The total amount of potential future milestone payments remaining under the arrangement were $5.0 million as of December 31, 2025 and 2024. The potential future milestone payments represent derivative liabilities with a fair value of $2.0 million and $1.6 million as of December 31, 2025 and 2024, respectively, which are classified as “derivative liabilities – royalty agreement” on the accompanying consolidated balance sheets. See Note 4 for fair value measurements.

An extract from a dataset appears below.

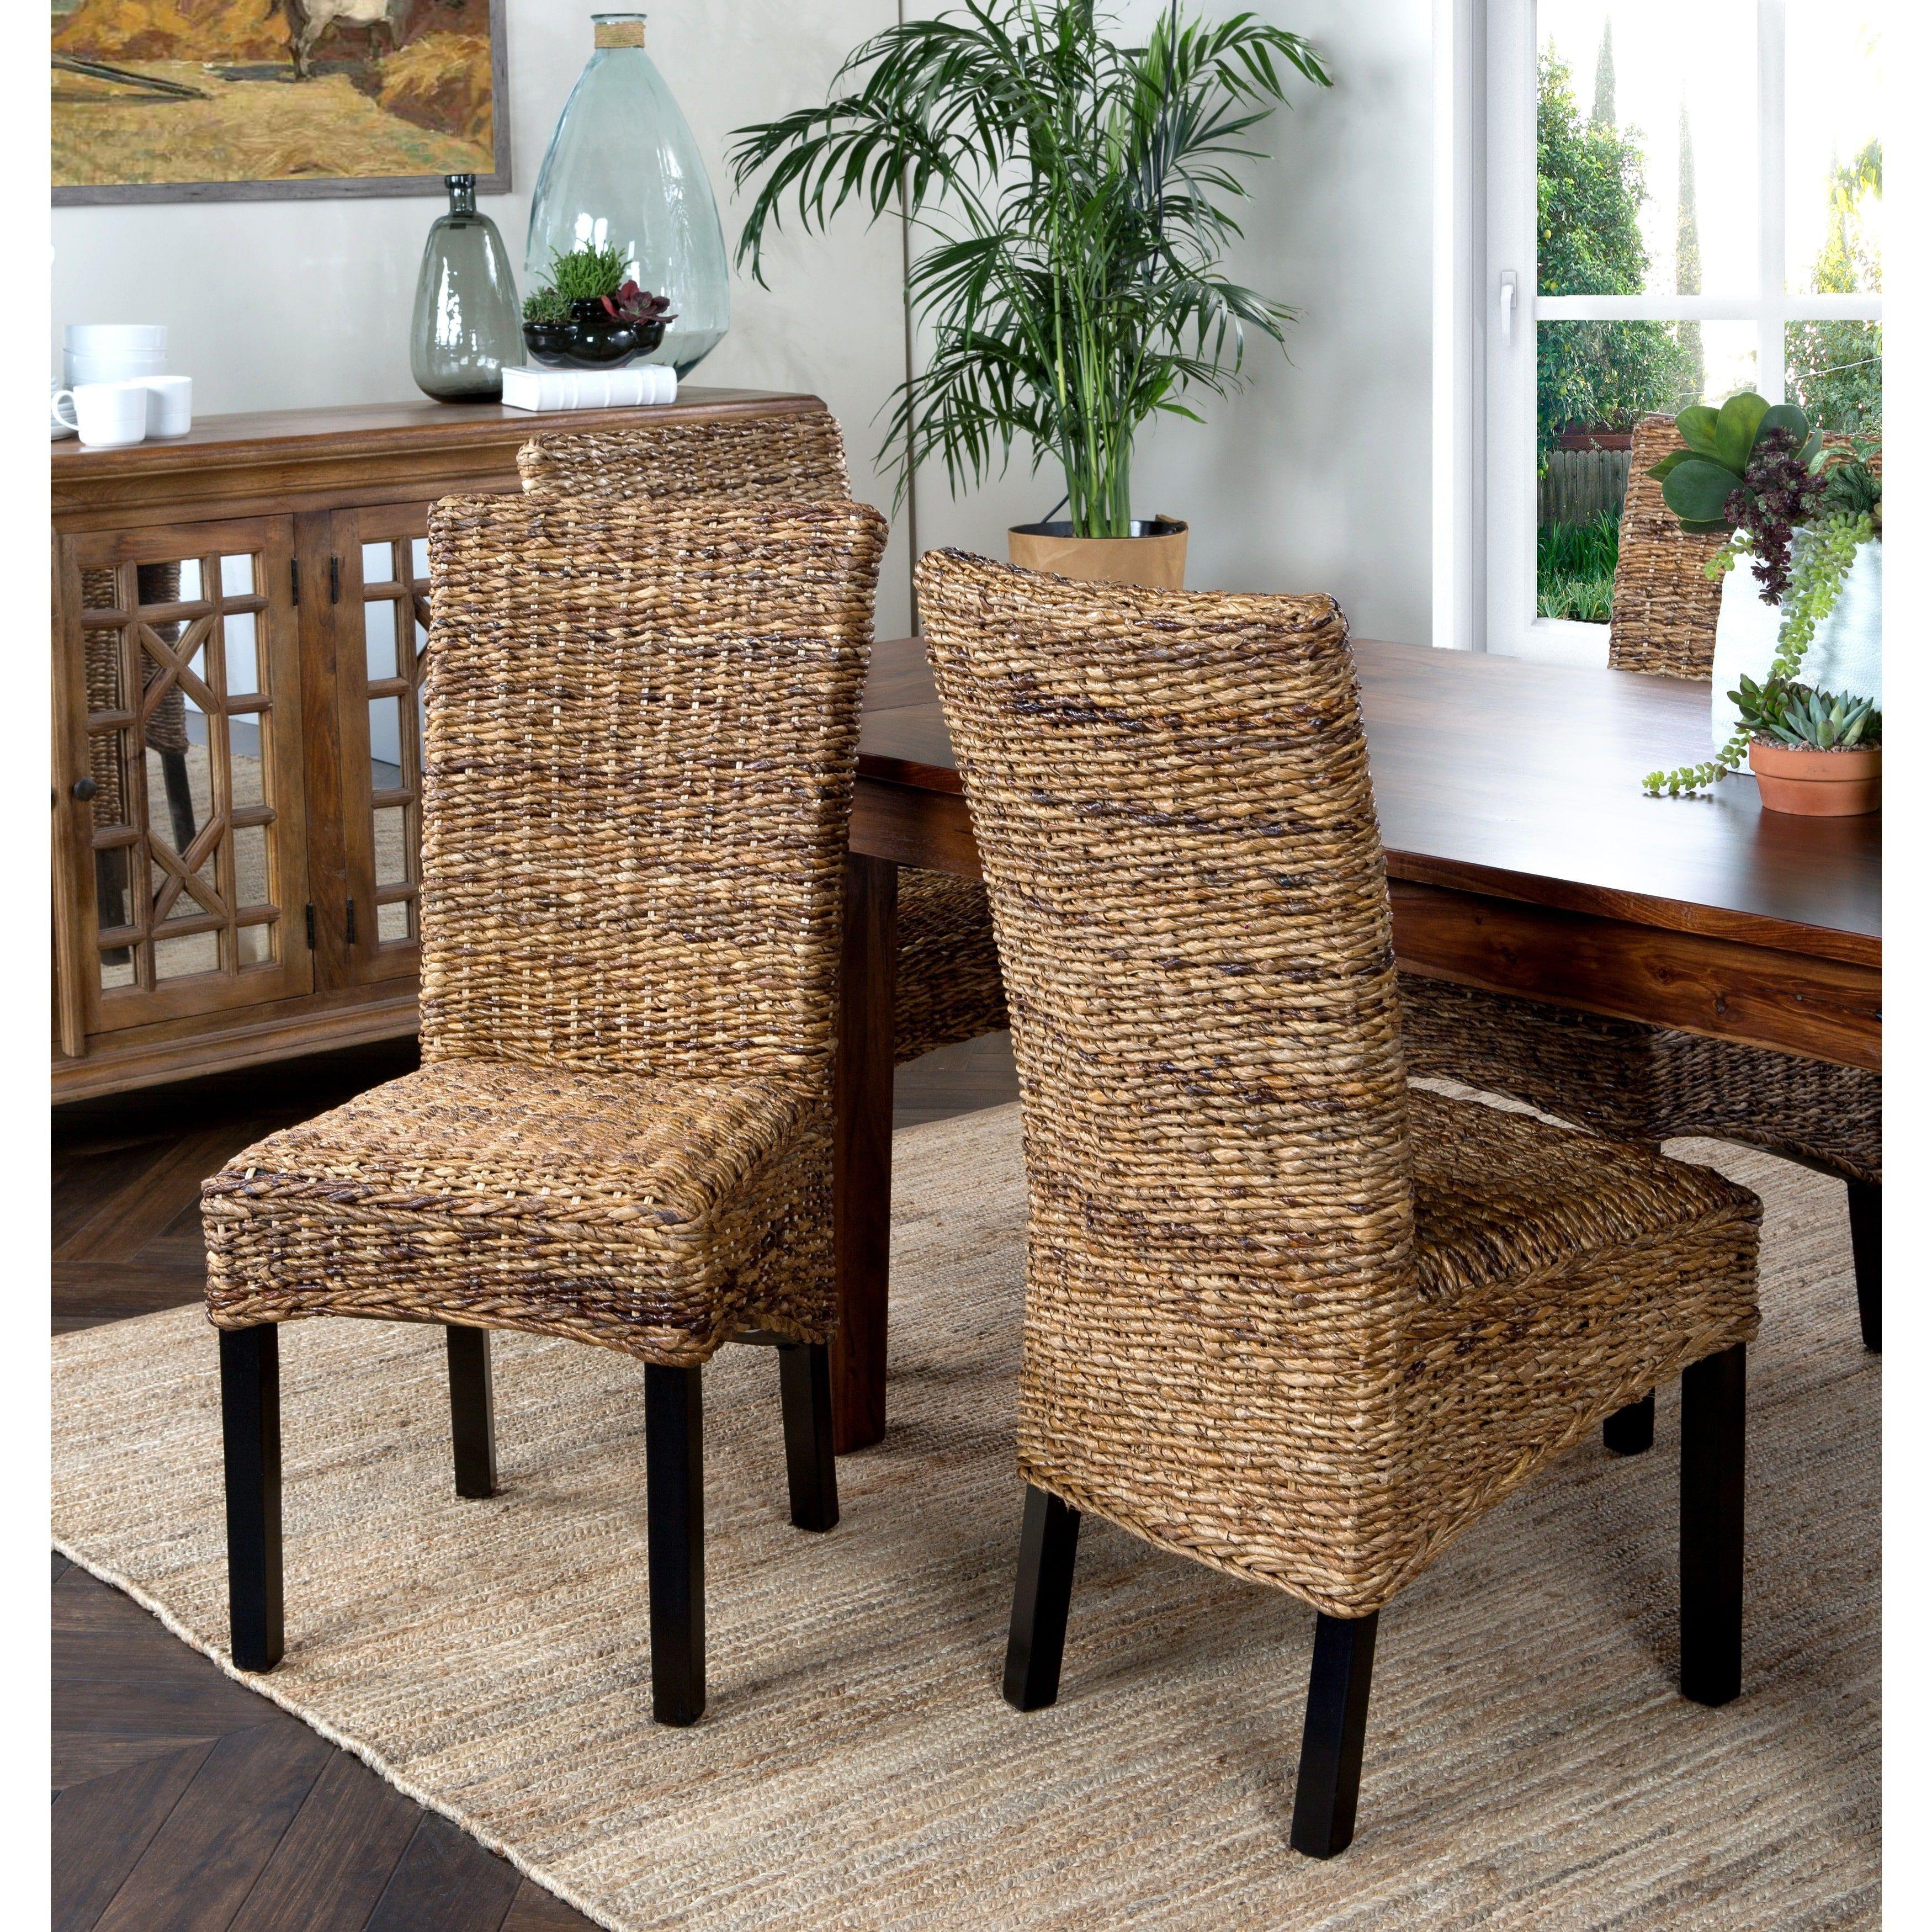 Pine Canopy Inyo Rattan Dining Chair Handmade Brown

The Company’s obligation to pay tiered royalties under the Ligand Agreement was determined to be a debt instrument based on the likelihood of repaying the amounts provided to fund the development of QTORIN rapamycin and that the Company has significant continuing involvement in the generation of the cash flows potentially due to Ligand. This obligation is reflected as royalty agreement liability which is classified as a long-term liability on the accompanying consolidated balance sheets and was $17.8 million and $11.9 million as of December 31, 2025 and 2024, respectively. Interest expense with respect to the royalty agreement liability is determined using the effective interest method based upon probability-adjusted cash flow estimates of the Company’s potential future royalty payments under the Ligand Agreement, yielding an effective interest rate of 44.9% and 39.9% as of December 31, 2025 and 2024, respectively. Changes in these estimates impact the amount of interest expense recognized through the accompanying consolidated statements of operations. During the second quarter of 2024, the Company received data from certain of its clinical trials that reduced the projected net product sales related to QTORIN rapamycin and the corresponding probabilities of successful commercialization, resulting in a significant reduction in the future royalty agreement liability. In addition, in the fourth quarter of 2024, the Company began conducting a Phase 3 clinical trial in microcystic lymphatic malformations. In the fourth quarter of 2025, the Company reported positive topline data for its Phase 2 clinical trial for cutaneous venous malformations and increased the corresponding probability of successful commercialization. The Company incurred non-cash interest expense of $5.8 million and $3.9 million for the years ended December 31, 2025 and 2024, respectively, all of which is a component of the royalty agreement liability on the accompanying consolidated balance sheets.

The Ligand Agreement requires the Company to make certain estimates and assumptions about future development, FDA approval, commercialization, and net sales of any product containing QTORIN rapamycin. These estimates and assumptions are subject to significant variability and are thus subject to significant uncertainty. Therefore, these estimates and assumptions are likely to change as the Company develops and commercializes products containing QTORIN rapamycin that may result in significant future adjustments to the royalty agreement liability, the derivative liabilities, and the accretion of interest expense.